● What is required:
The material below includes pictures; leave them out and return only the lines between the line containing "Driving Dodge with" and the line containing "Sunglasses Hugo Boss", inclusive, word for word.

● Information supplied:
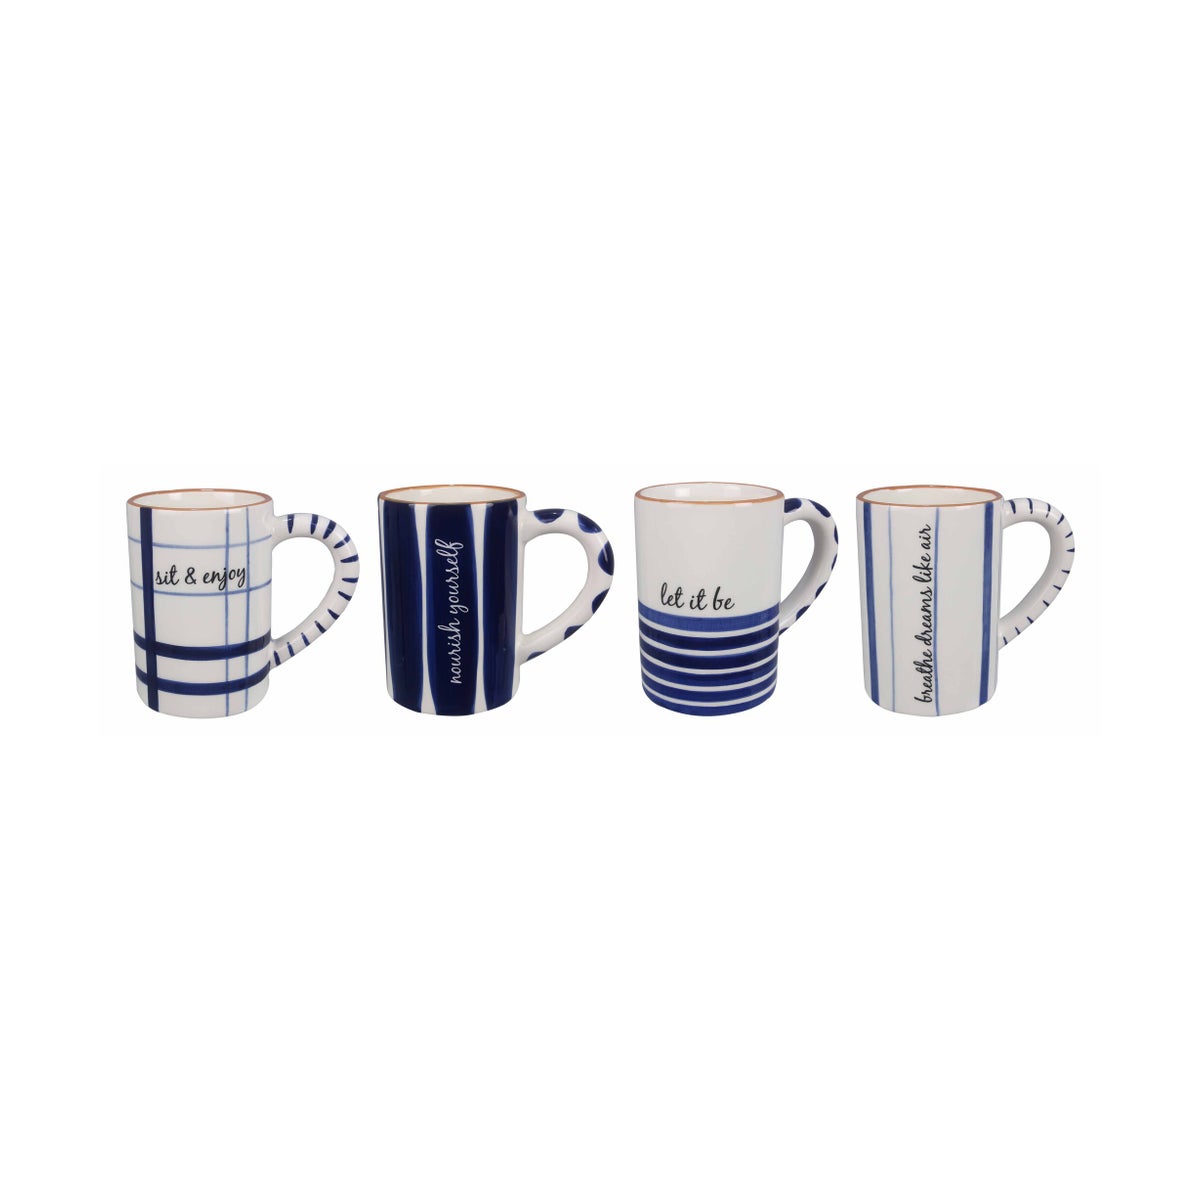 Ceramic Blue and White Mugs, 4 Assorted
---
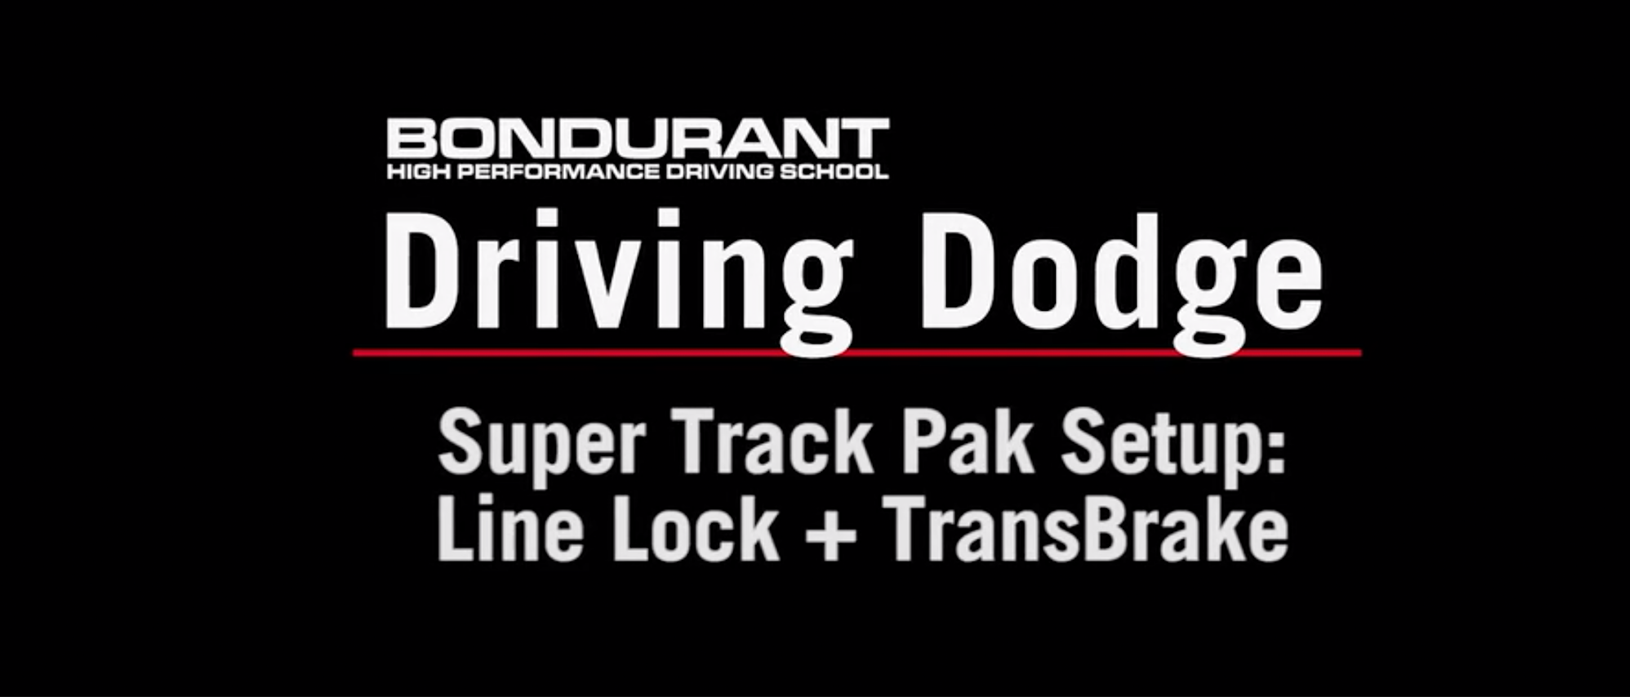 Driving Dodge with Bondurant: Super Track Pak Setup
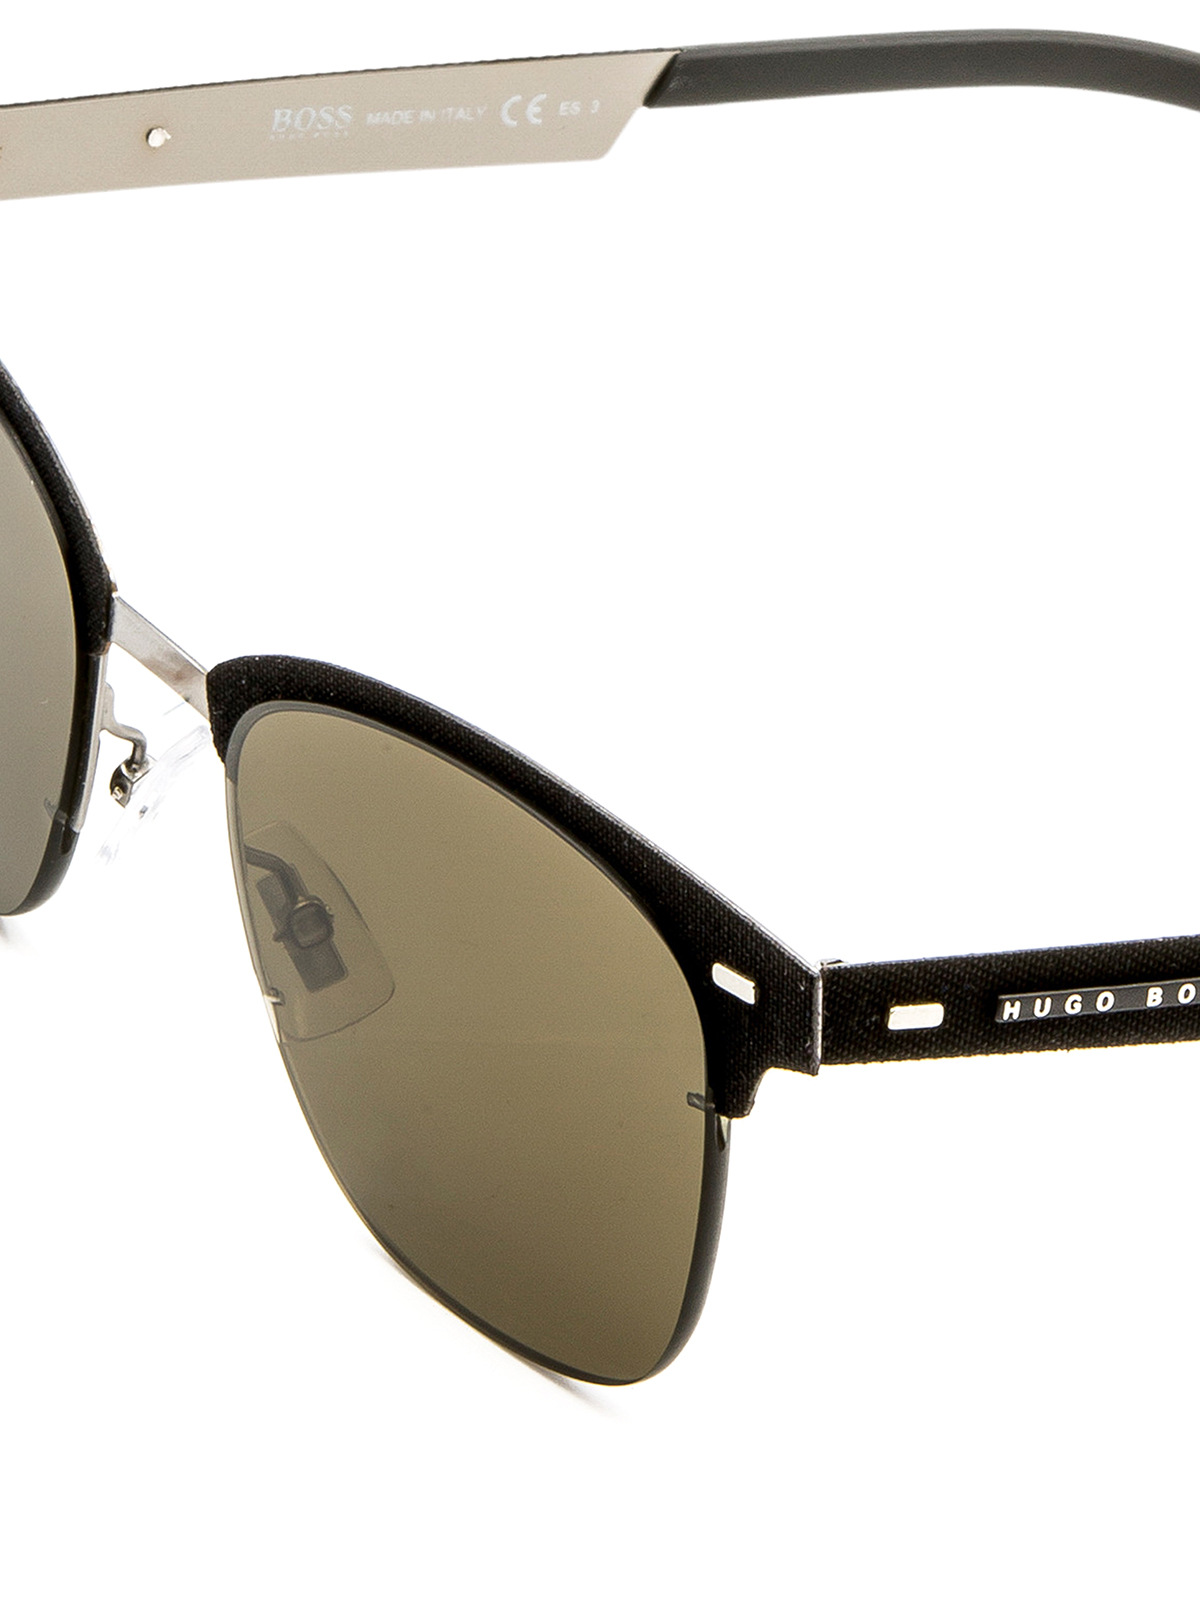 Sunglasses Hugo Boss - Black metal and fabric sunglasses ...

● Task result:
 Driving Dodge with Bondurant: Super Track Pak Setup
 Sunglasses Hugo Boss - Black metal and fabric sunglasses ...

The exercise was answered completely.